- [DATASET CONTENT]:
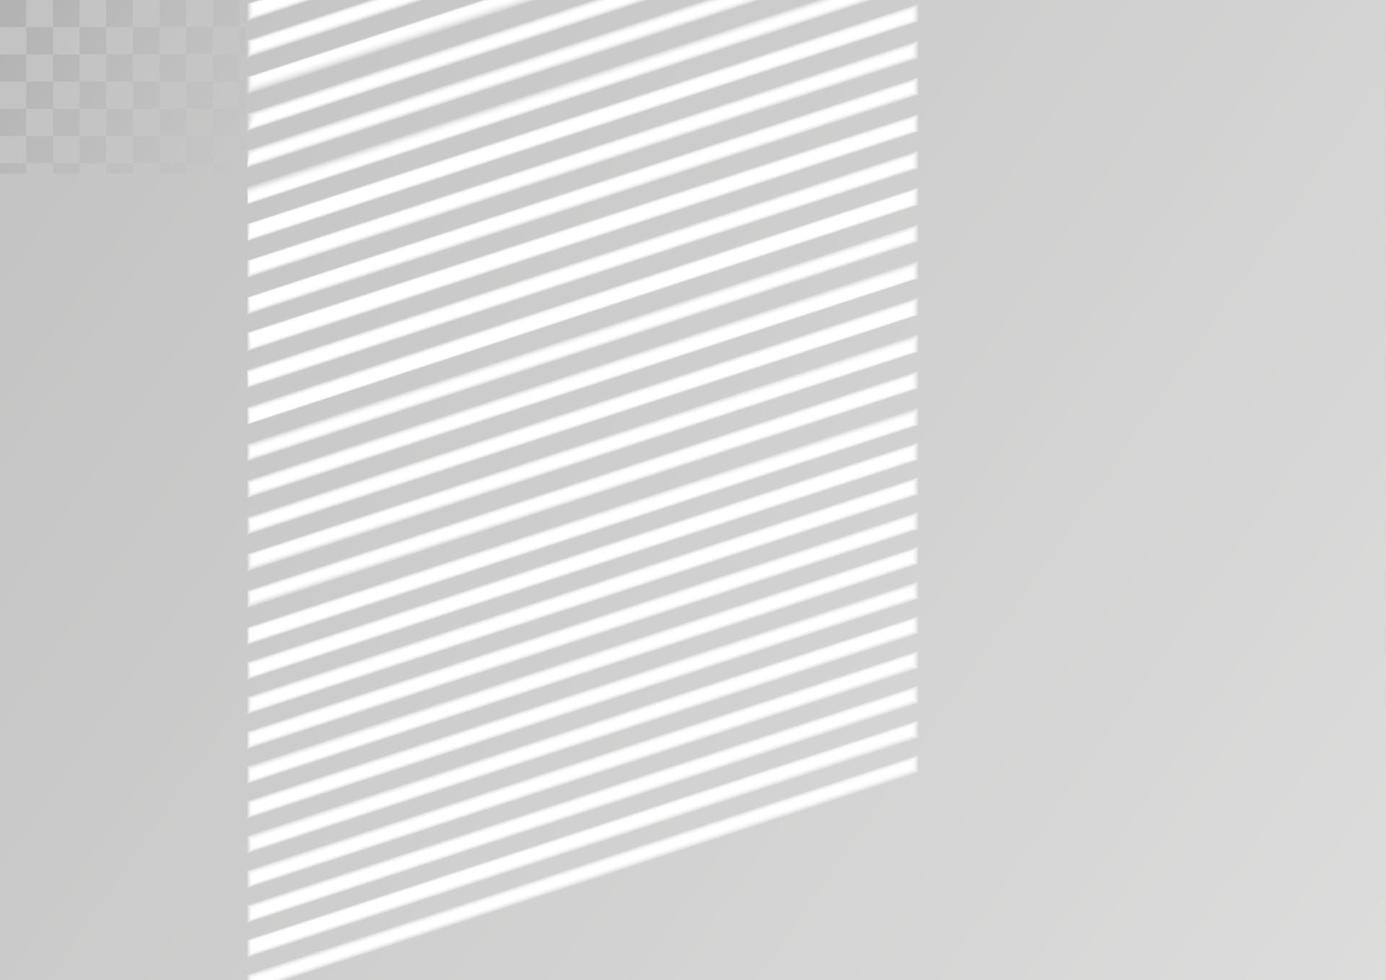 sombra de janela e persianas. efeito de luz realista de sombras e iluminação natural. ilustração vetorial vetor
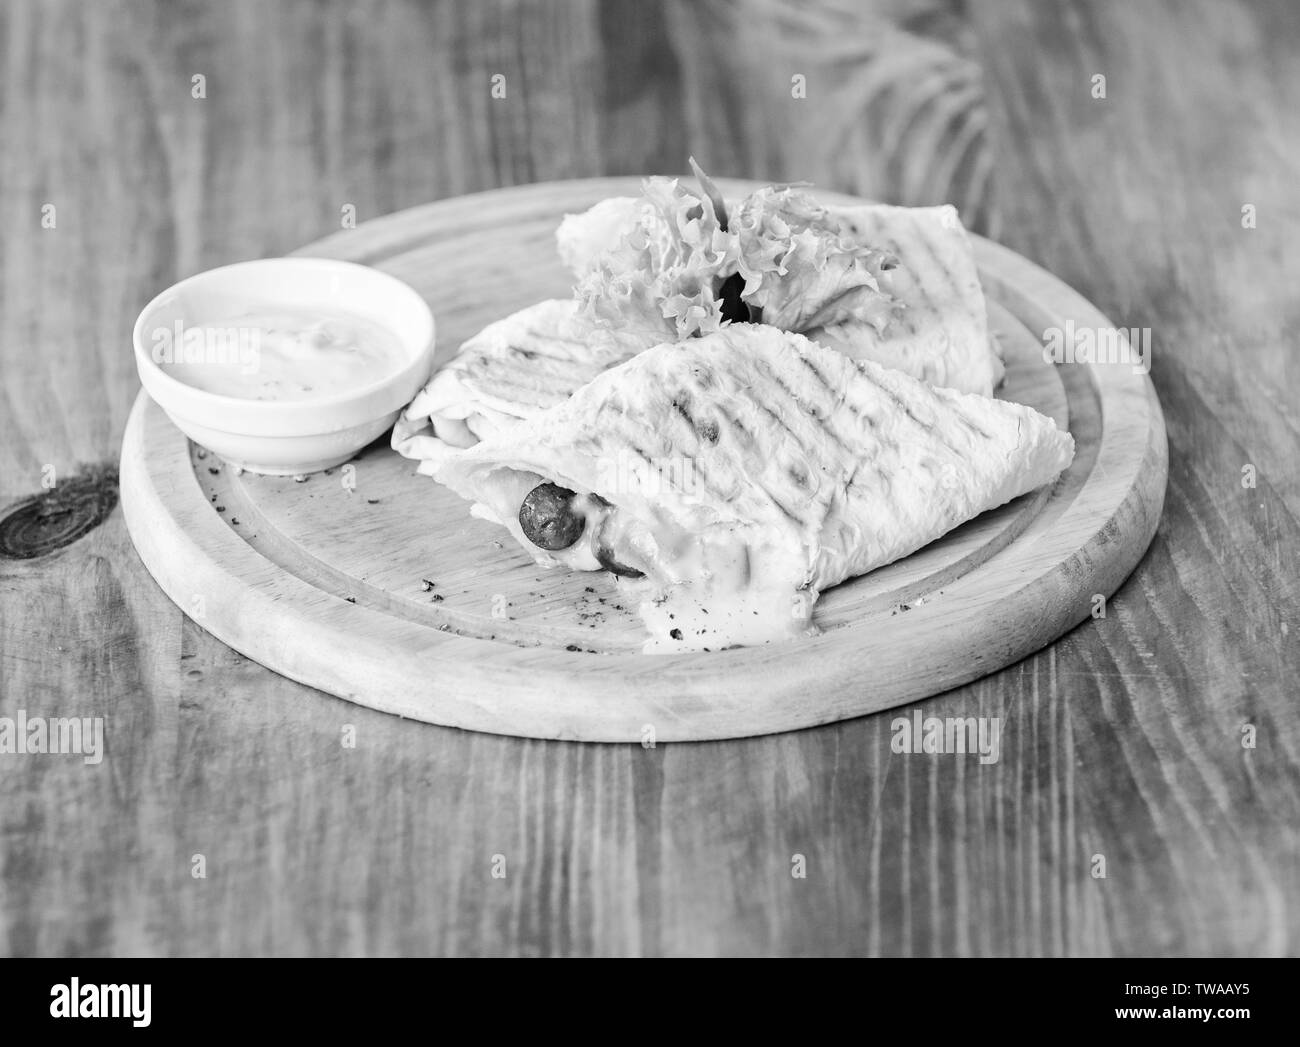 Essen im Restaurant traditionelle Küche. Burrito tortilla serviert Holzbrett. Das Essen im Restaurant Konzept. Lavash burrito gefüllt Fleisch Wurst und Käse sauce Salat serviert. Fleisch umhüllt mit lavash Burrito. Stockfoto
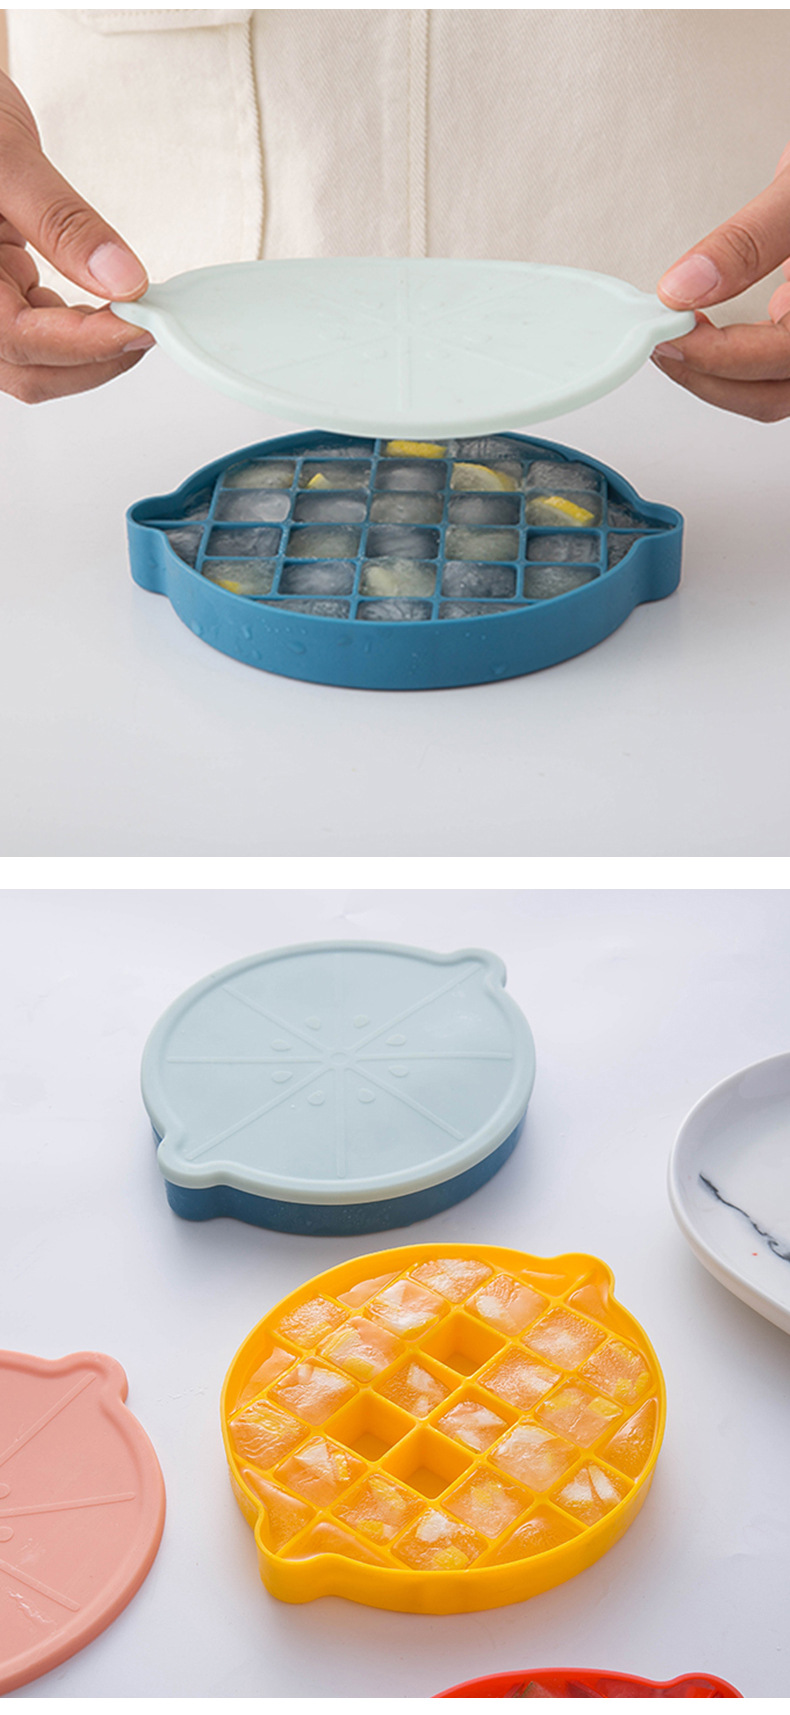 檸檬造型矽膠製冰盒 小清新加蓋矽膠製冰模型 創意居家26格製冰盒
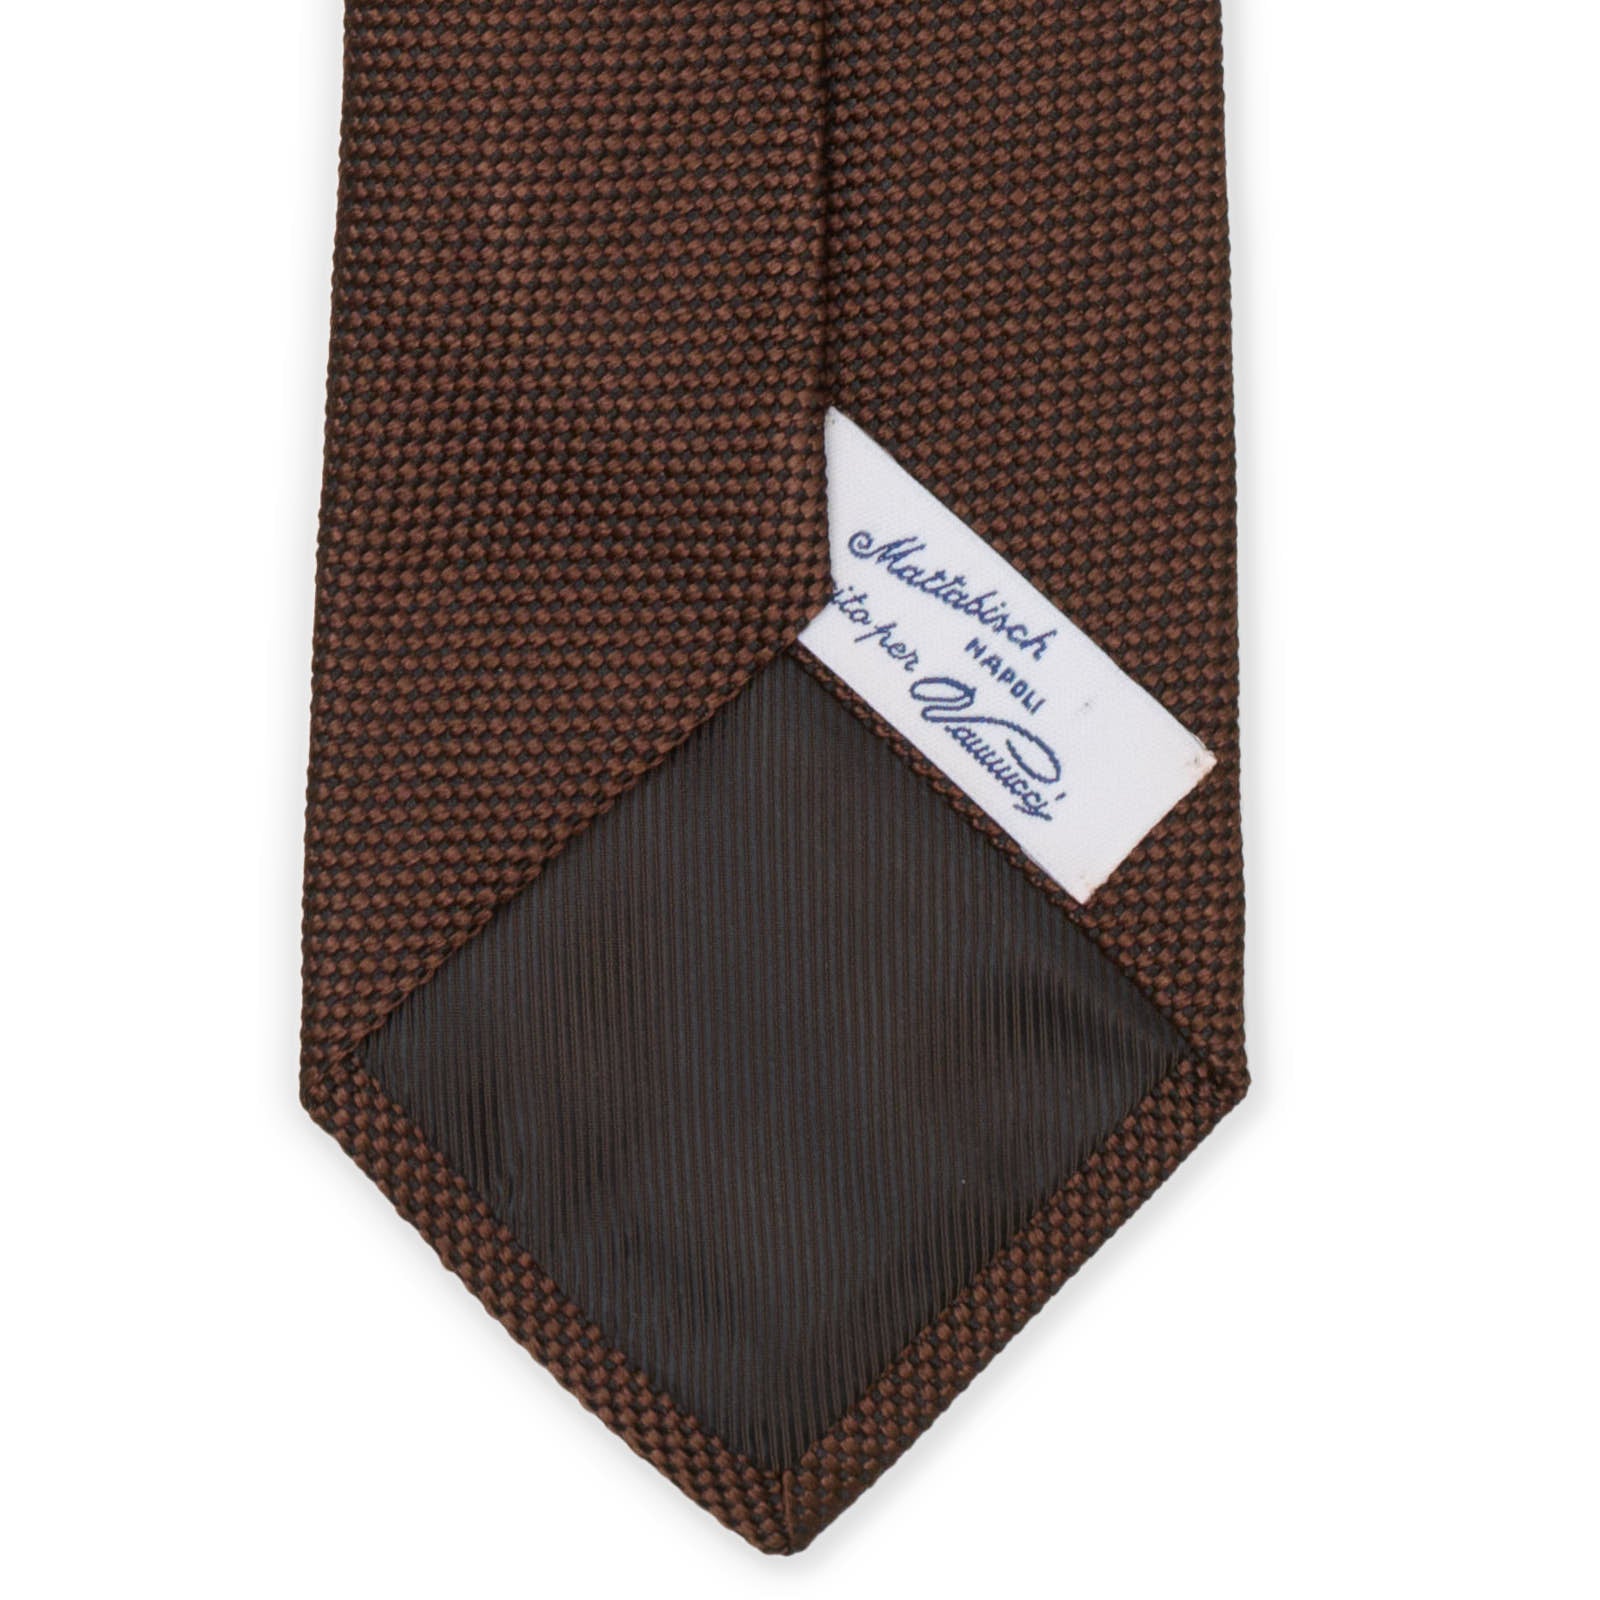 MATTABISCH FOR VANNUCCI Brown Micro Silk Tie NEW

- [WHAT YOU NEED TO DO]: Restate the full listing word for word, excluding images.

- [SOLUTION]:
 sombra de janela e persianas. efeito de luz realista de sombras e iluminação natural. ilustração vetorial vetor
 Essen im Restaurant traditionelle Küche. Burrito tortilla serviert Holzbrett. Das Essen im Restaurant Konzept. Lavash burrito gefüllt Fleisch Wurst und Käse sauce Salat serviert. Fleisch umhüllt mit lavash Burrito. Stockfoto
 檸檬造型矽膠製冰盒 小清新加蓋矽膠製冰模型 創意居家26格製冰盒
 MATTABISCH FOR VANNUCCI Brown Micro Silk Tie NEW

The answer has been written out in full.